今耕作されている畑は、見える範囲ではどれも各家の周囲やすぐ目の前で耕作されていて、畑に大きく面積を取っているところは、この集落ではほとんどない。

今動いている畑の土を見て回り、なさそうなら里山に探しに行こうと仮の計画を立て、次に進もうとすると、


「父ちゃーん」

「とうちゃんおかえりー」


と娘のオリビアと息子のジェームスが駆けて来た。

姉が遊びに行くのを弟が追いかける年頃で、弟はまだ金魚の糞を恥ずかしがらず、姉もまだ邪険にしなかった。

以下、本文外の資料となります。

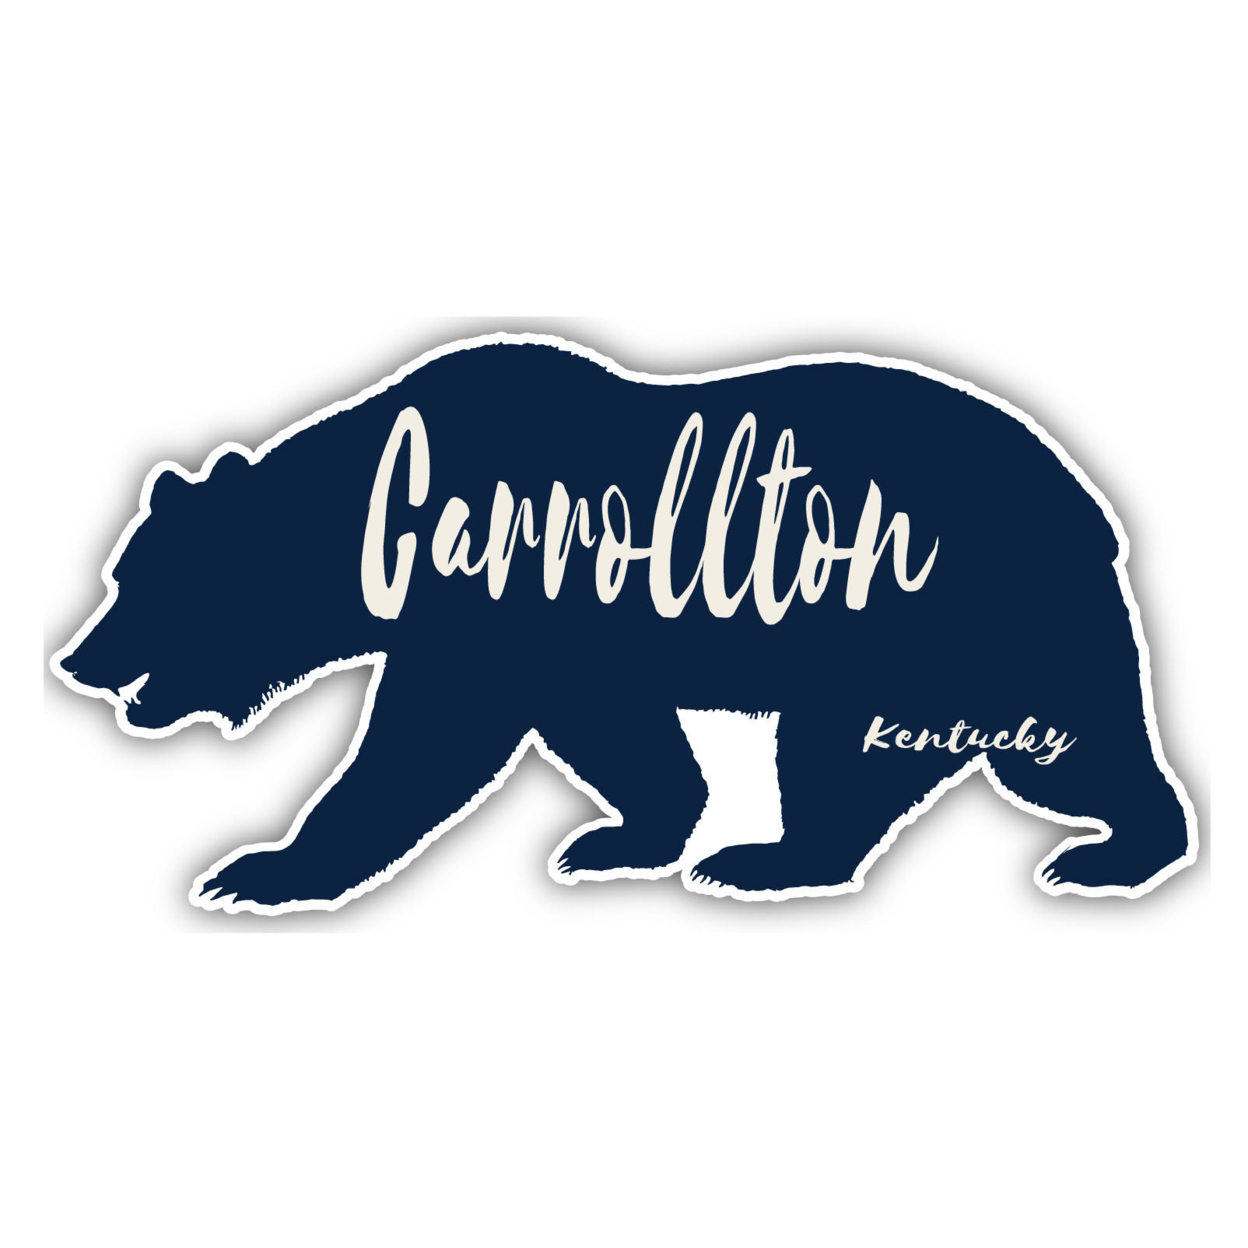 Carrollton Kentucky Souvenir Decorative Stickers (Choose Theme And Size) - 4-Pack, 4-Inch, Bear

幸いなことに、子供等のここ数年の流行りは大縄跳びで、隣の集落と最高人数を争うため、とにかく頭数が必要だという事情があるらしい。

2人が駆ける後には、時折何かが落ちるようであった。


「お前達、何かぽろぽろ落ちてたよ」


すると姉弟は揃って「えっ」と声を上げ、片方は振り返り、もう片方は袂を触ってから、「零しちゃった!」と声を揃えた。


「零したって何を」

「どんぐり!」


大縄跳びの流行は一休みなのか、それとも終焉を迎えたのか、ジェームスが道上に見つけたものを拾いによたよたと走り、「やめなよ、無理だよお寺からずっと落ちてたんだよ」とオリビアが声を上げる。

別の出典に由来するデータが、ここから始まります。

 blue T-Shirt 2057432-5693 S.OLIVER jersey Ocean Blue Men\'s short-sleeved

オリビアが袂から握り出したどんぐりは、アカガシなどほとんどが灰汁が酷くて食べるに向かないものだった。

この集落では、子供でも食用かどうかは見分けられるから、単に宝物として集めたのだろう。

取っておくだけでなく、駒にしたり数珠繋ぎにしたりと用途はいくらでもあるが、最後は保管していた箱の中が殻斗かくとを食い破った虫だらけになり各家庭で容赦なく捨てられる運命を辿った。

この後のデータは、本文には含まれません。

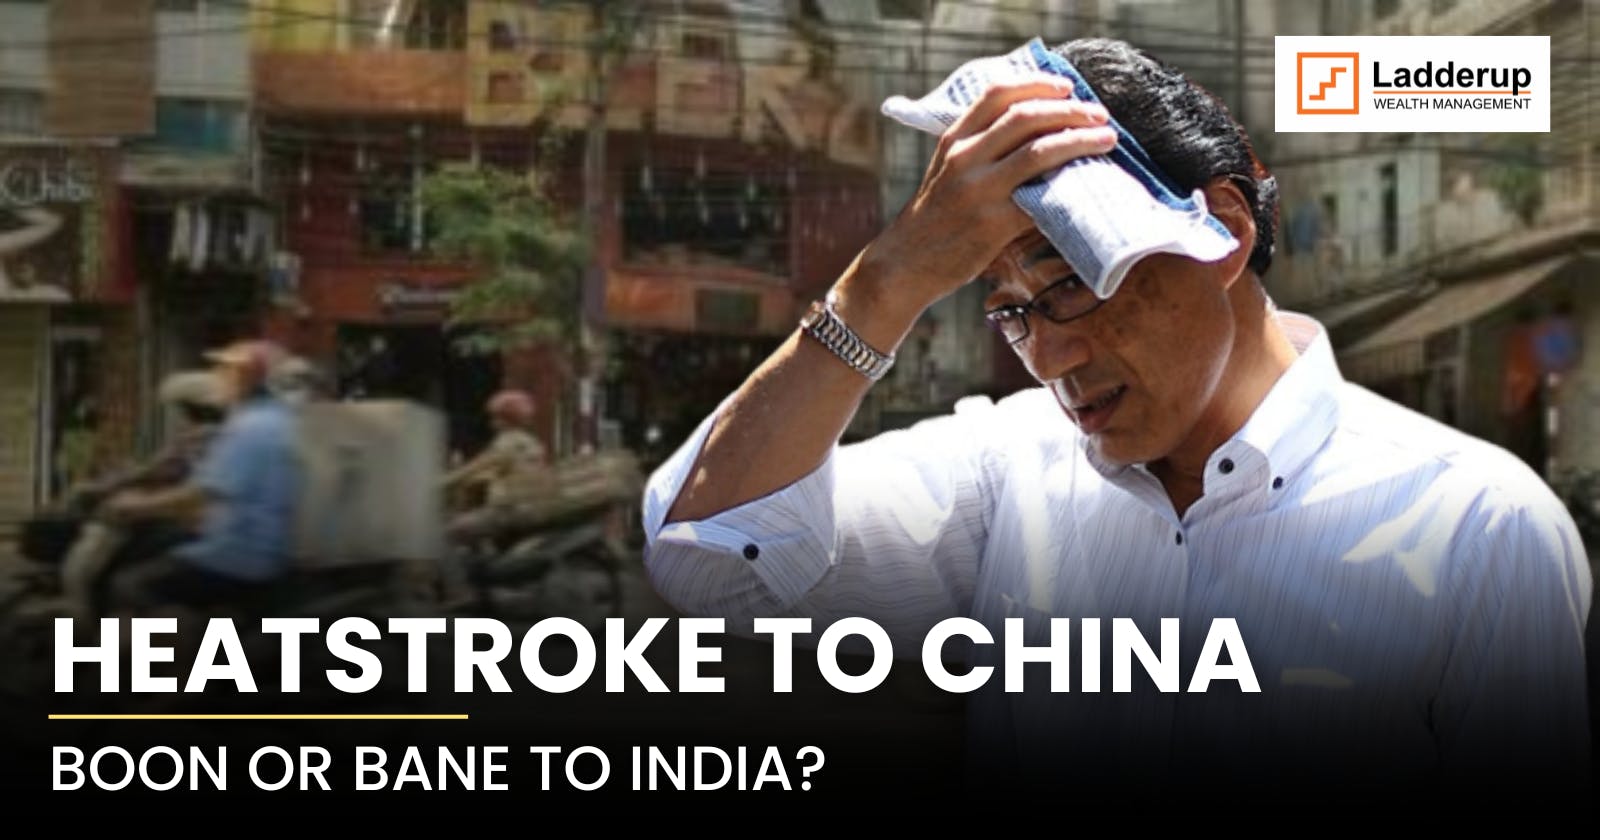 Heatstroke to China - Boon or Bane to India?

捨てられても懲りずに次の年も集めたことをオリバーが思い出していると、諦めて戻って来たジェームスが「とうちゃんお外でなにしてたのー」と父の手元を見た。


「ああ、野菜の勉強してた」

「べんきょう?」

「えー、なんの野菜?……まんどれ、の、うーん読めない」


寺子屋に通い始めたばかりのオリビアが表紙を解読しようとするが、漢字で行き詰まった。

人参の人くらいは読めるかと思ったが、学習はまだそこまで進んでいないようで、オリバーは若干残念に思いながら答え合わせをする。


「マンドレにんじんせいぞうのほう、だよ」

「にんじんってにんじん?」

「いや、違うにんじん。橙色じゃないやつ」

「ちがうにんじんがあるの?」

「えー知らなーい」


オリバーは「あるよ」と立って家に入り、1本手に取って子供達のもとへ戻った。

子供等にこれを対面させて大丈夫なのかという疑念が脳裏を掠めたものの、今は日中で、野菜だと教えてやったばかりだしと思い直して、2人の前に差し出した。

この集落は非常に見通しが良く、誰かが大声を出すとそれは集落中に轟き、喧嘩なのか叱られたのか、その内容までもが即座に知れ渡る。

そして子供の絶叫は、往々にして不正確な言葉で構成されているのがまずいところで、


「きゃあああおばけ!」

「おばけ!とうちゃんがオバケつかまえた!」


子供特有の甲高い奇声が耳をつんざき、家からアメリアが「うるさい!何騒いでんの!」と怒鳴り声とともに飛び出して来て、「かあちゃん!とうちゃんがオバケつかまえたって!」「オバケって何、アンタ子供達に何てもん見せてんの!」「うわーん、こわーい!」とあっという間に家の前が地獄絵図になった。

ほら、曼荼羅の出番だぞとオリバーは手の中の渡来人を促すが、彼は何も語らず、絶望の面差しを虚空に向けているだけだった。

そしてオリバーの方は、アメリアから、都合が悪くなるといつも黙るんだからと責められる。

その日の読書は、種蒔きに関する記述の前で終幕となった。